4: ça m'a fait envisager que le quadrilatère effectif, possiblement JKLM, appellerait un N, or L'adversaire de Queen/Nathan décline une séquence de 4 crimes dans un carré, dessinant une lettre N évoquant Nathaniel au nom duquel le vengeur Walt élimine les cousins York, le dernier étant Percival.
5: 3 articles consécutifs d'une revue imaginée par Perec évoquent Bénabou, Theodore Sturgeon qui a finalisé l'écriture de L'adversaire, et le Tétragramme qui gouverne les crimes de La mort et la boussole comme de L'adversaire.

  J'ai omis quelques étapes intermédiaires, et la sidération continue avec un autre constat. J'avais remarqué lors d'un autre commentaire que le nom de l'auteur de l'article sur le Tétragramme, Robin Marr, donnait par contrepet "rabbin mort", alors que la première victime de la nouvelle de Borges est un rabbin. Son nom est Marcel Yarmolinsky, et un esprit facétieux s'est plu à donner un semblant de réalité à une des oeuvres que lui prête Borges.
  Alors d'une part le nom débute (et finit) par Y, la signature de l'assassin de L'adversaire, ou la 6e voyelle, complétant dans Mortelles voyelles la séquence rimbaldienne, d'autre part le prénom est Marcel, et Theodore caché sous Pierre Ganneval se trouverait donc pris en sandwich entre deux Marcel.
  Je rappelle que Marcel vient de marcellus, "petit marteau", et que c'est aussi le sens de Haemmerli, le médecin de l'échange du 4/4/44, prénommé Theodor. Je rappelle encore que, après L'adversaire inspiré par les crimes tétragrammatiques de La mort et la boussole, Et le huitième jour... est paru en 1964 sous la signature Ellery Queen, polar métaphysique voyant Ellery enquêter pendant la semaine sainte de 1944 sur l'assassinat le 5/4/44 à coups de marteau d'un certain Storicai, un des Douze membres du conseil d'une communauté religieuse dirigée par un Maître, crucifié le Vendredi saint suivant. Storicai est l'évidente anagramme de Iscariot, surnom de Judas, en hébreu YHWDH, interprété comme une "porte" (dalet, nom de la lettre D) dans le Tétragramme YHWH. Je rappelle enfin que les 3 lettres hébraïques constitutives du Tétragramme, YWH, donnent par atbash MPÇ, "marteau"...
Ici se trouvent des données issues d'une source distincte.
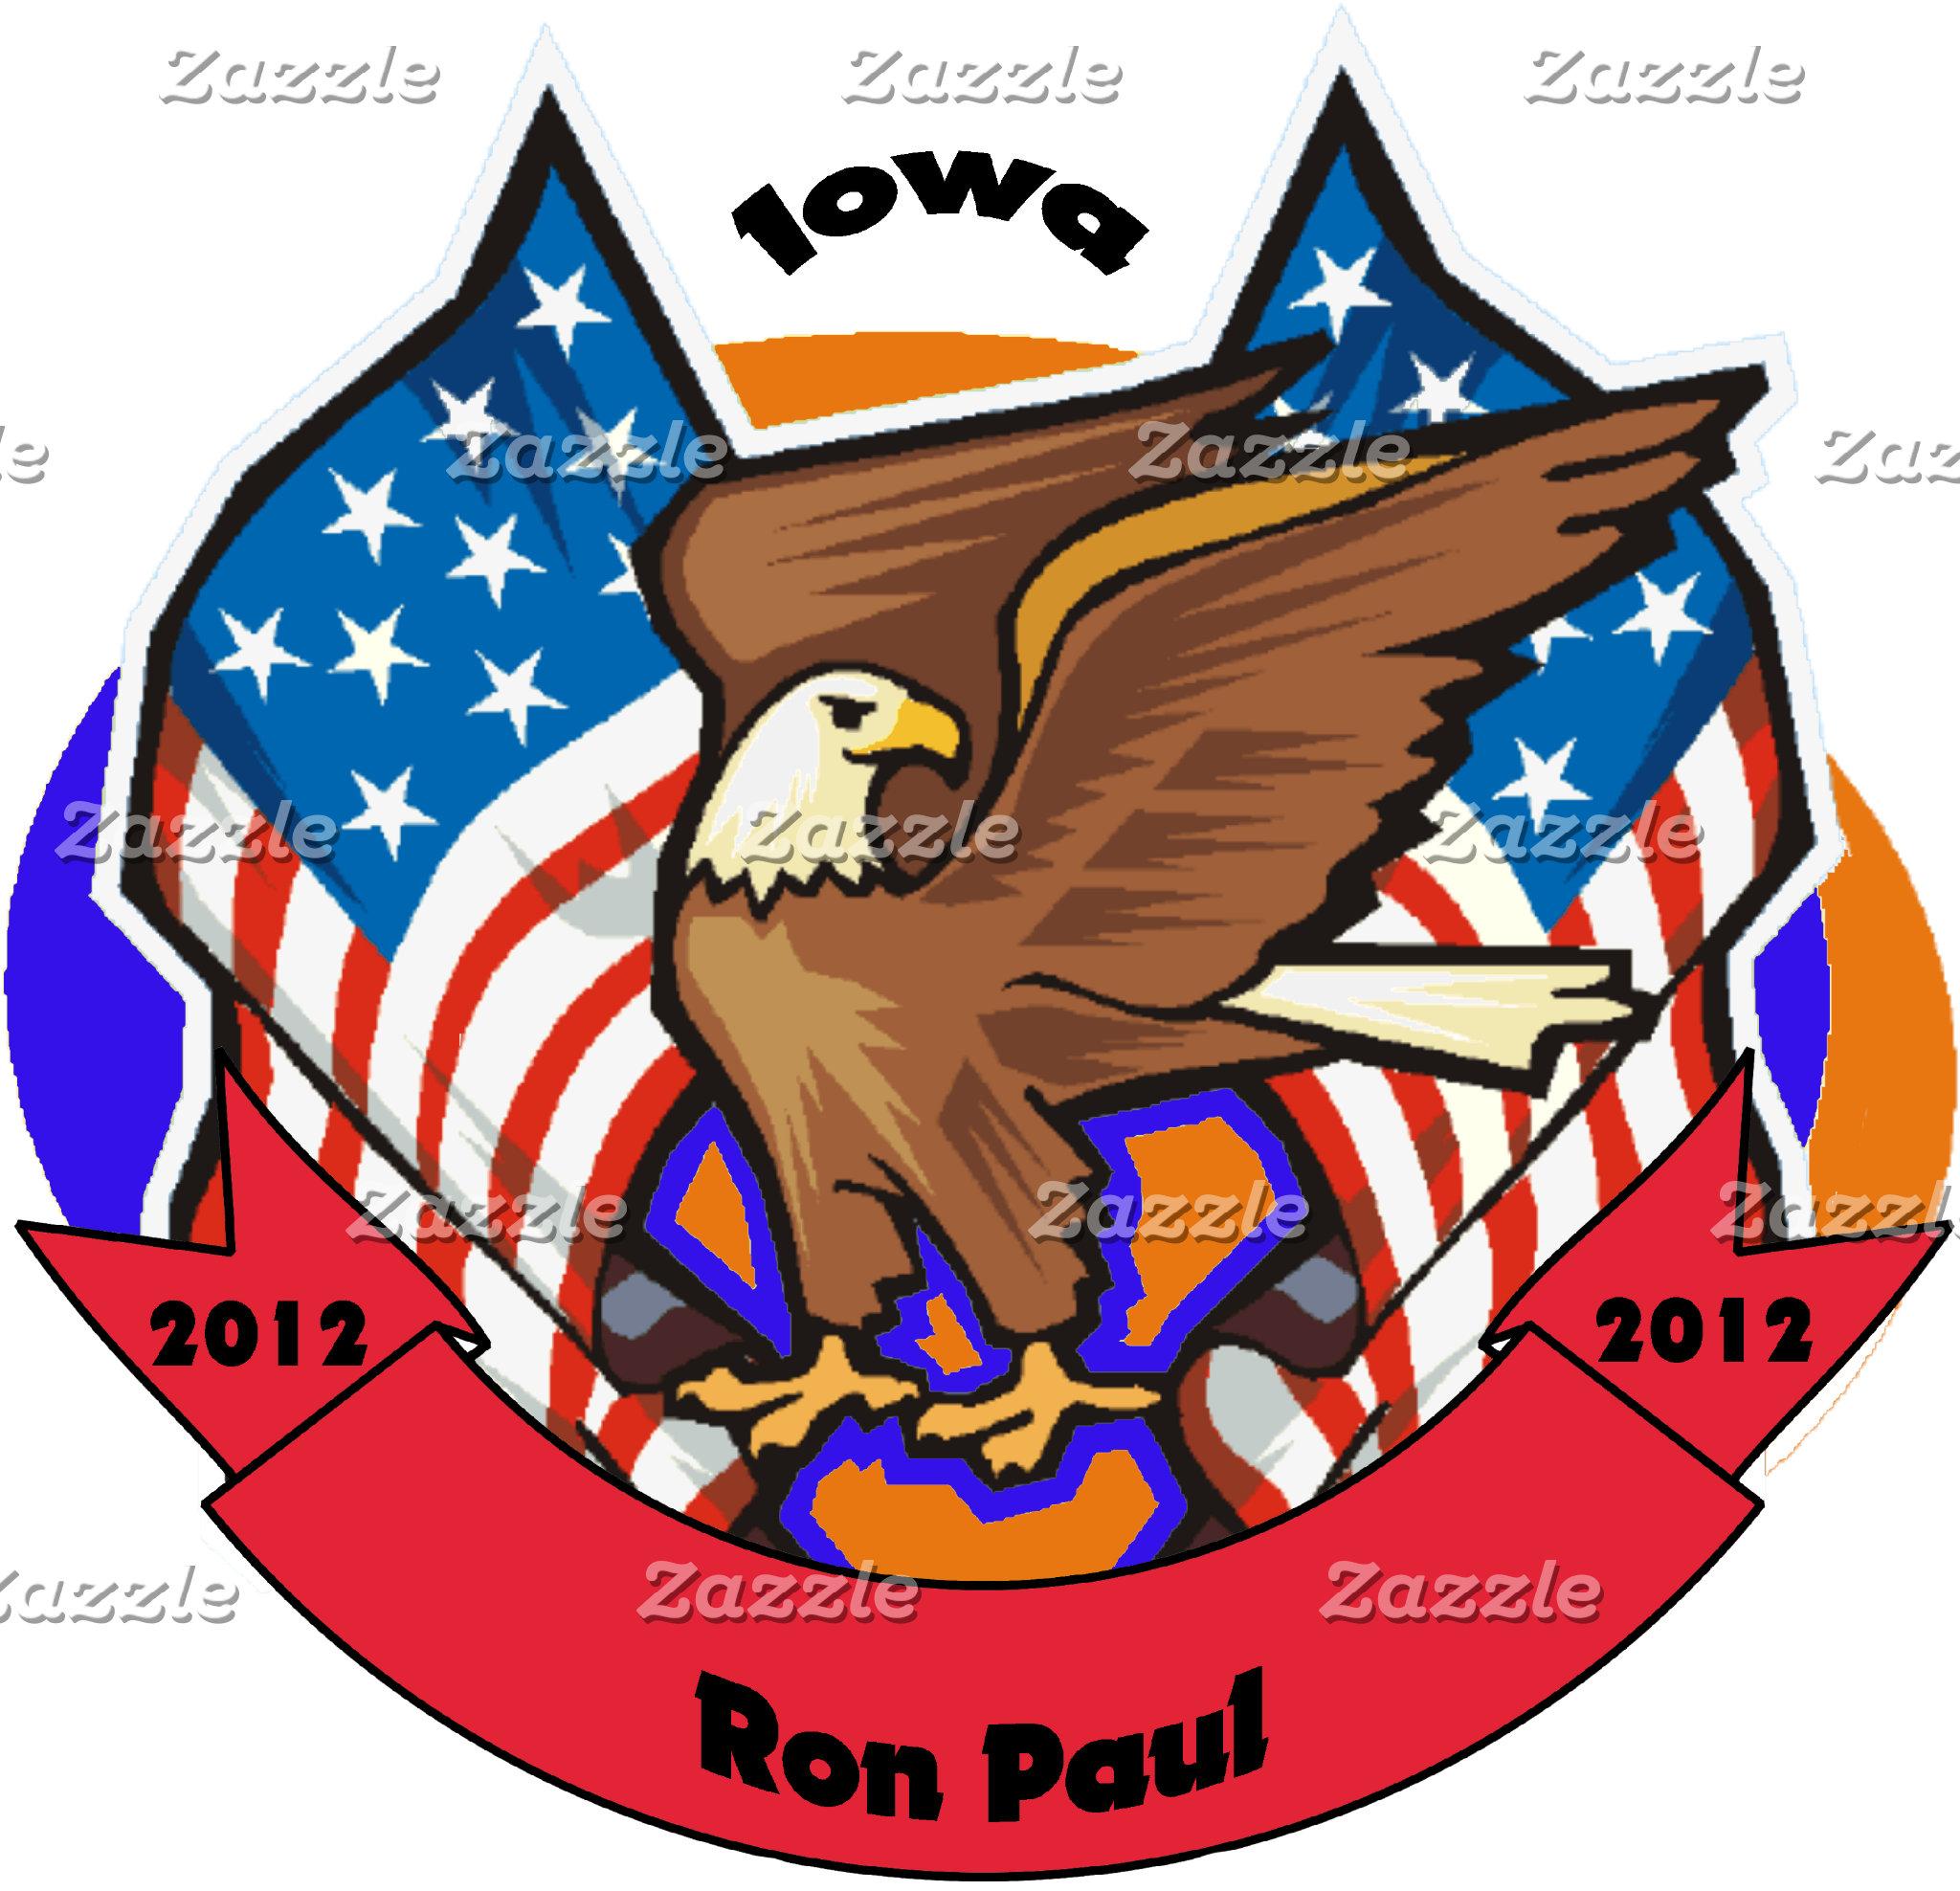 Iowa for Ron Paul
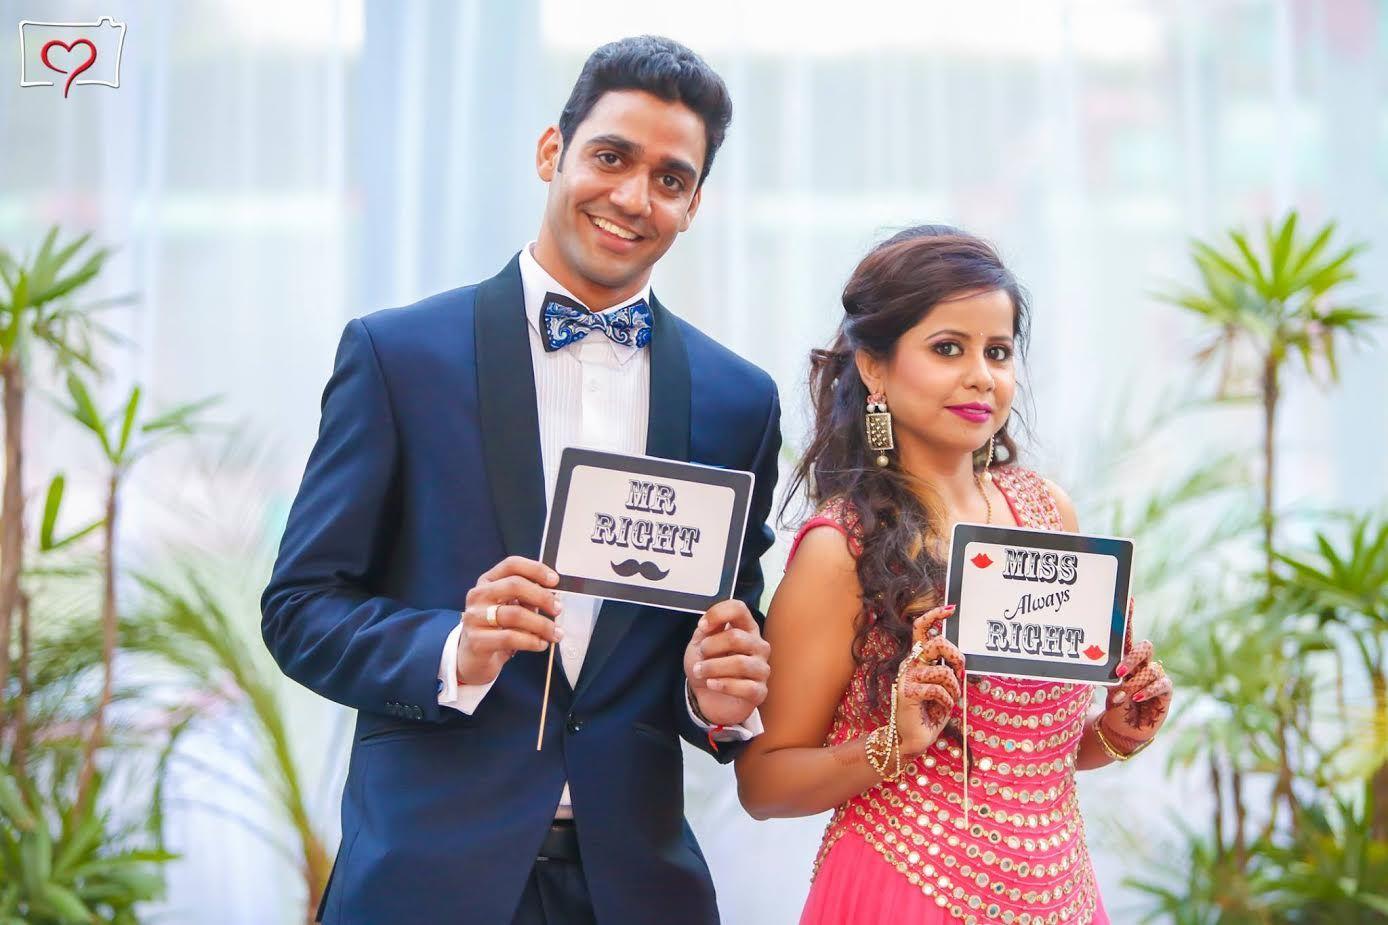 Wait is over! Da' Momento Studio, Delhi  #weddingnet #wedding #india #delhiwedding #indian #indianwedding #weddingphotographer #candidphotographer #weddingdresses #mehendi #ceremony #realwedding #lehenga #lehengacholi #choli #lehengawedding #lehengasaree #saree #bridalsaree #weddingsaree #indianweddingoutfits #outfits #backdrops  #bridesmaids #prewedding #photoshoot #photoset #details #sweet #cute #gorgeous #fabulous #jewels #rings #tikka #earrings #sets #lehnga #love #inspiration

  Rimbaud est également présent dans L'adversaire, pour son "Je est un autre", mais il n'est pas exclu que Daniel Nathan ait eu à l'esprit que Rimbaud était comme lui natif du 20 octobre.
  Le chanteur transsexuel "Hortense" de VME est une allusion au personnage principal de Cristal qui songe. Son nom est précédé immédiatement chapitre 30 par Arthur Rainbow (citation de Nabokov). Hortense est une des Illuminations de Rimbaud.

  J'utilisais explicitement dans les Pans les modes opératoires des deux premiers crimes de L'adversaire, pouvant passer pour des accidents.

  La Vokalfolge de Robin Marr, ou "séquence vocalique", se réfère probablement à l'idée que la prononciation du Tétragramme aurait été uniquement vocalique, i-e-u-a. Elle peut évoquer la séquence rimbaldienne, ou Vocalisations, où une voyelle a disparu.
   Il est encore à souligner que l'article précédent celui de Marcel Bénabou est une allusion immédiate à La disparition, le livre programmé pour ce chapitre.
  Bénabou, pris en sandwich entre cette allusion normale et celle sauvage à Cristal qui songe, apparaît sous la forme Ibn Abbou dans La disparition, et le Capitaine-Crubellier sous la forme du Commandant-Crubovin...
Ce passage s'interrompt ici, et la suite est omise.